Clearly, there must be a coordinated booster campaign ahead of a likely winter surge. Now is the time for nursing homes to organize vaccine clinics where residents can receive both the covid and flu vaccines. Hospitals and insurers should identify their elderly patients and others with underlying conditions and call them to coordinate their boosters. Meanwhile, public health departments should resurrect mobile vaccine clinics and send them to senior centers and homeless shelters. And physicians should urge their vulnerable patients to receive the booster and be ready to prescribe Paxlovid or monoclonal antibodies if these patients contract covid.

This level of urgency should not be applied to the majority of Americans who do not fall into the high-risk category. For them, the benefit of the booster is to reduce an already-low likelihood of hospitalization even lower and to gain some additional — though likely short-term — protection against infection.

Some lower-risk people would happily get the booster and enjoy these benefits. Others might decide to time their inoculation ahead of, say, a big trip or a large family get-together. I think it’s reasonable for a generally healthy 40-year-old to wait until two weeks before high-exposure events to get their booster. I also think it’s reasonable for parents whose young kids completed their primary vaccination to hold off on additional shots for now. On the other hand, I’d strongly urge my patients 65 and older and adults with obesity, diabetes, lung disease and other serious underlying conditions not to delay their boosters.

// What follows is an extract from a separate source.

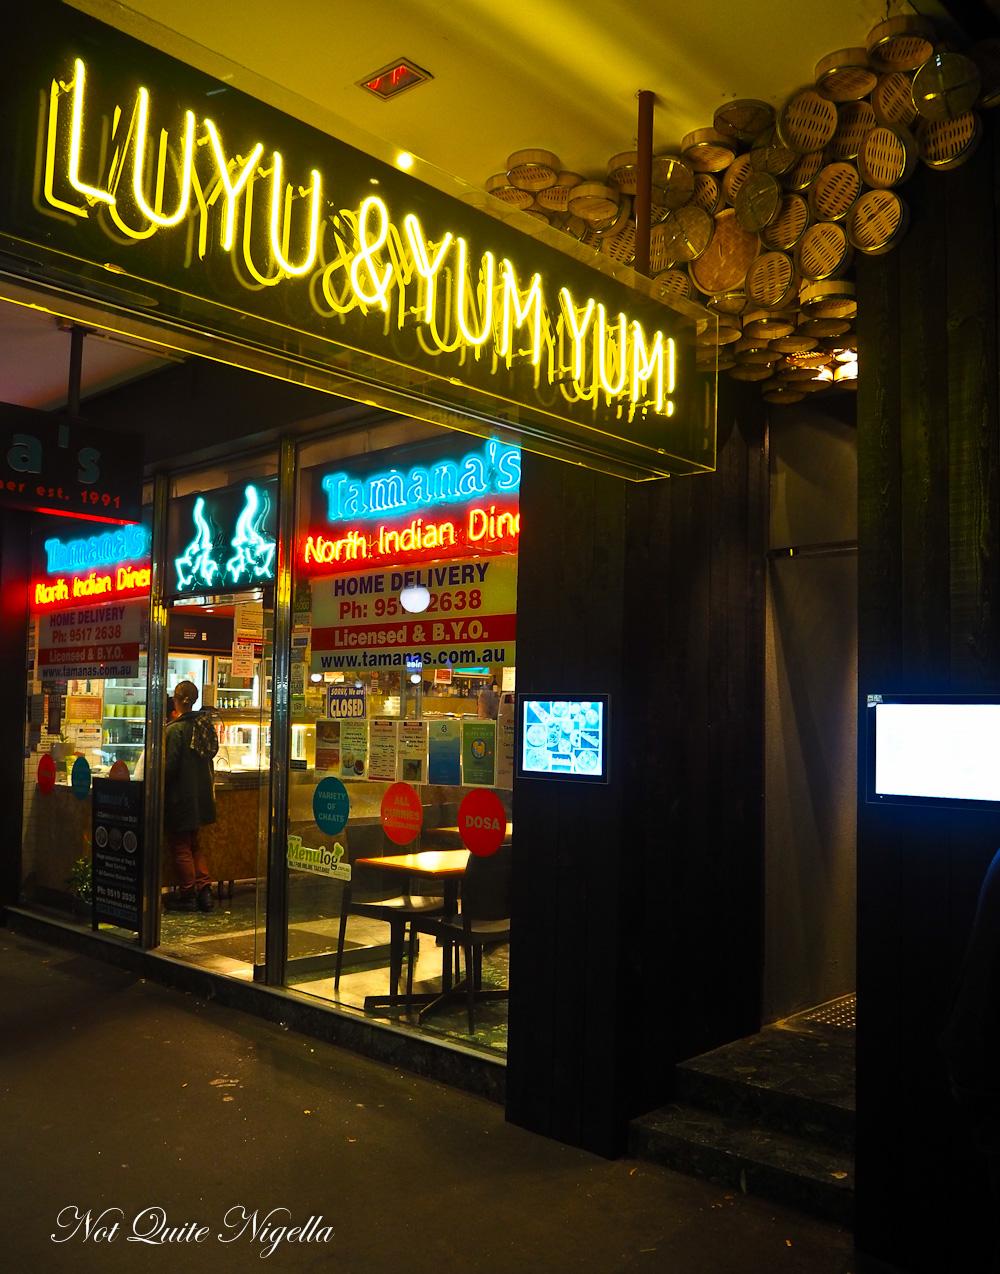 Luyu Yum Yums

Recent infection should also be taken into consideration. There is growing evidence that hybrid immunity — the combination of recovery from infection combined with vaccination — provides the strongest and most durable protection. It’s also becoming clear that prior infection with omicron subvariants conveys some protection against BA.5. People who recently contracted the coronavirus don’t need to rush to get boosted; they are unlikely to become reinfected soon after recovery, and there might be benefit to waiting at least three months.

I understand the rationale for the CDC’s blanket booster guidance, because overly complicated rules can also hinder uptake. But given the dismal booster numbers to date, federal health officials need to change course and focus their efforts to achieve the optimal public health outcome.

Health-care practitioners must also be mindful of preserving trust in their recommendations, which requires acknowledging that the evidence in favor of additional boosters is much stronger in some groups than in others. Targeting boosters to those most at risk, while giving options to everyone else, is our best hope against a likely next surge — and future public health emergencies.